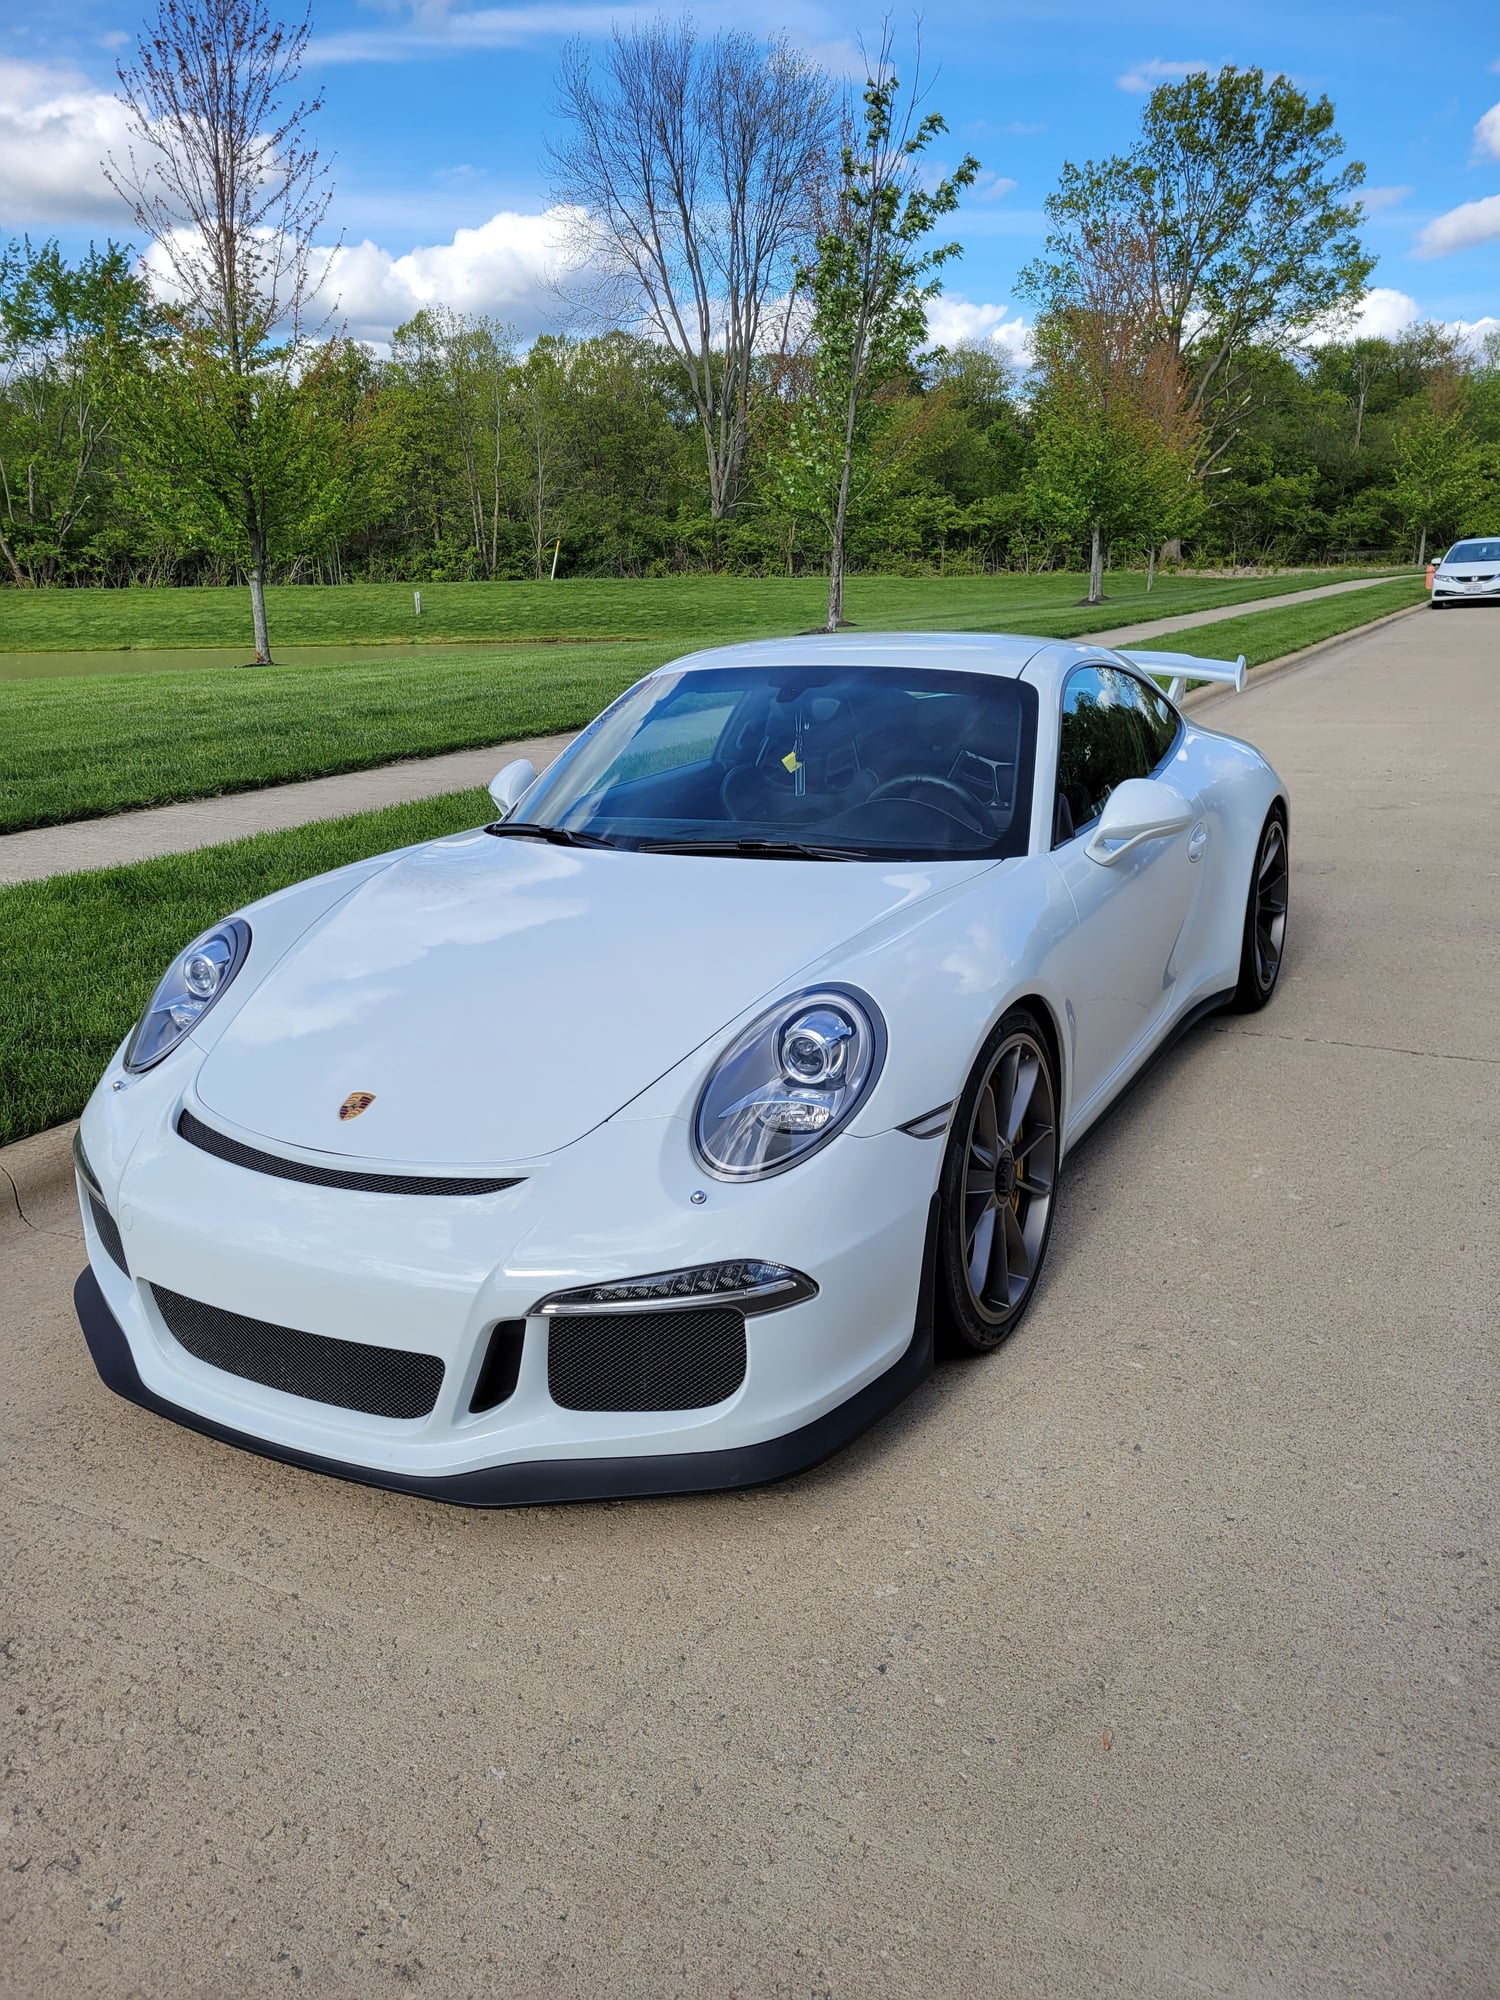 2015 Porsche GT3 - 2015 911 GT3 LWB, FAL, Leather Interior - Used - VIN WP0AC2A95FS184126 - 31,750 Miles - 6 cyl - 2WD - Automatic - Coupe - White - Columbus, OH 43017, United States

◆ ◆ ◆ ◆ ◆ ◆ ◆

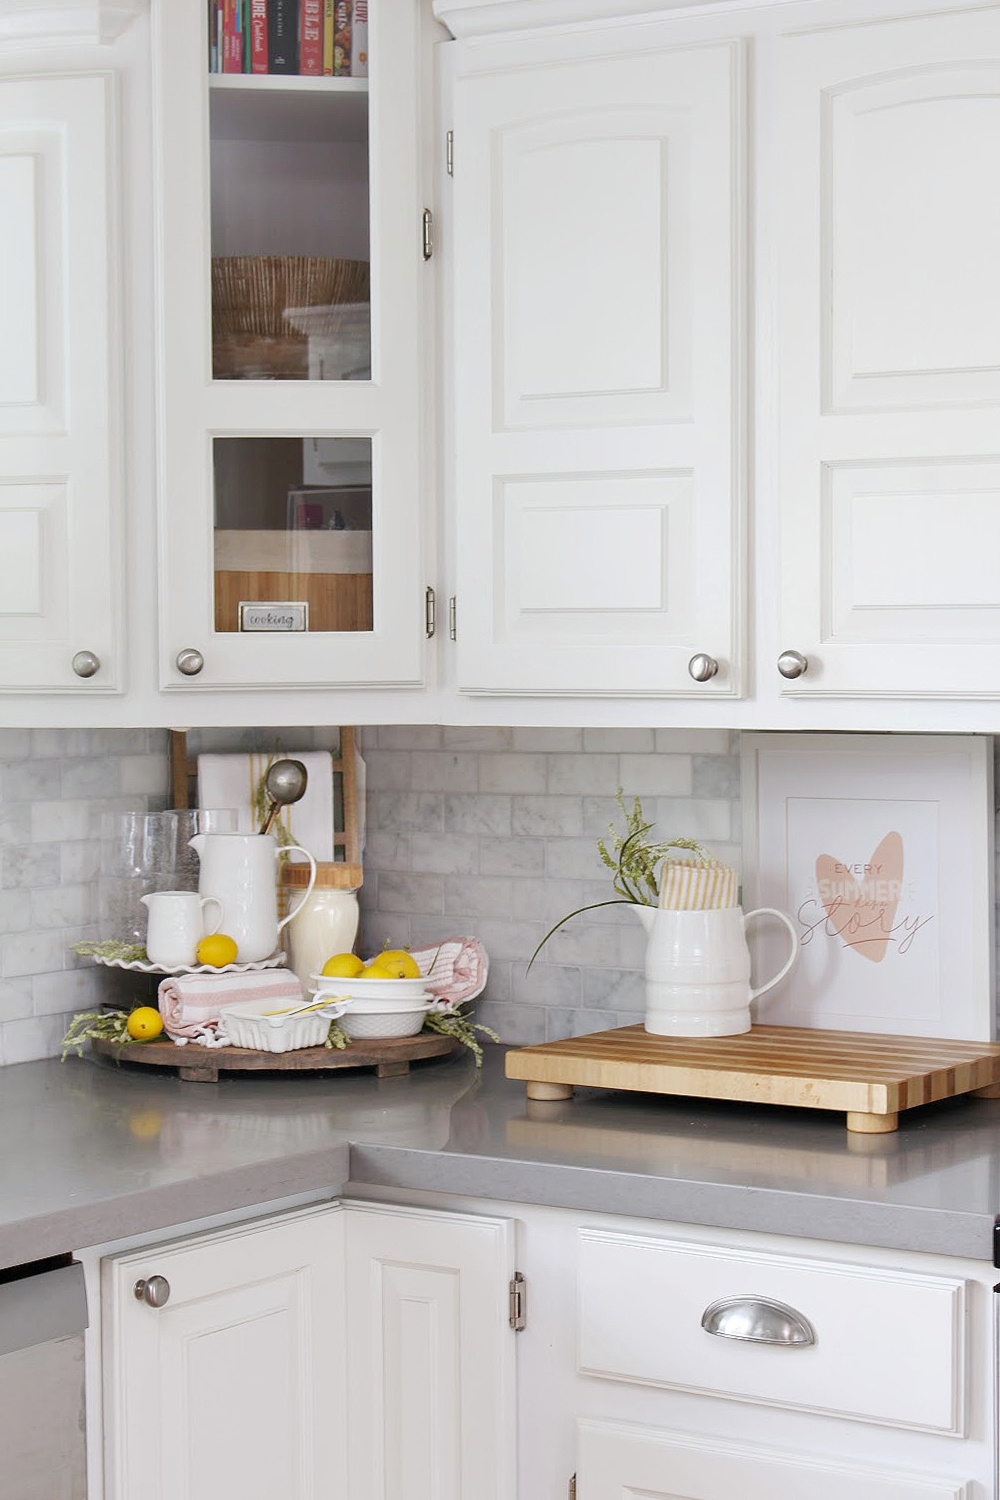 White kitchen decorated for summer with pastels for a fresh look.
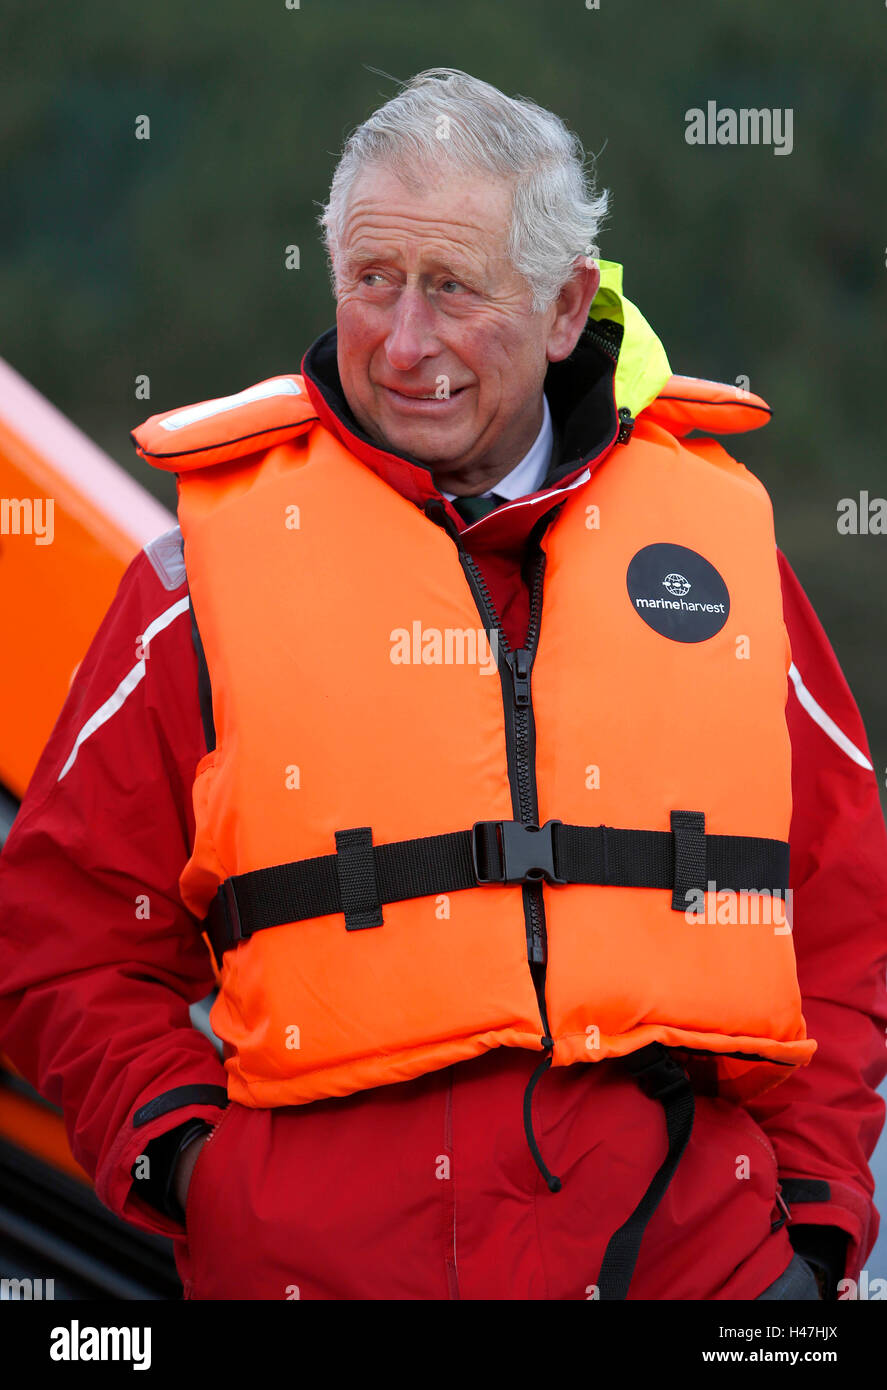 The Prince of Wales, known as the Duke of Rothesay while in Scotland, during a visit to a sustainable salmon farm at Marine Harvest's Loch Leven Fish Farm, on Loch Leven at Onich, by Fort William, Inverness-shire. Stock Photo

◆ ◆ ◆ ◆ ◆ ◆ ◆

> [Requirement]: Reproduce exactly the lines above that run from the one with "White kitchen decorated" to the one with "The Prince of", both included, leaving pictures out.

> [Solved problem]:
 White kitchen decorated for summer with pastels for a fresh look.
 The Prince of Wales, known as the Duke of Rothesay while in Scotland, during a visit to a sustainable salmon farm at Marine Harvest's Loch Leven Fish Farm, on Loch Leven at Onich, by Fort William, Inverness-shire. Stock Photo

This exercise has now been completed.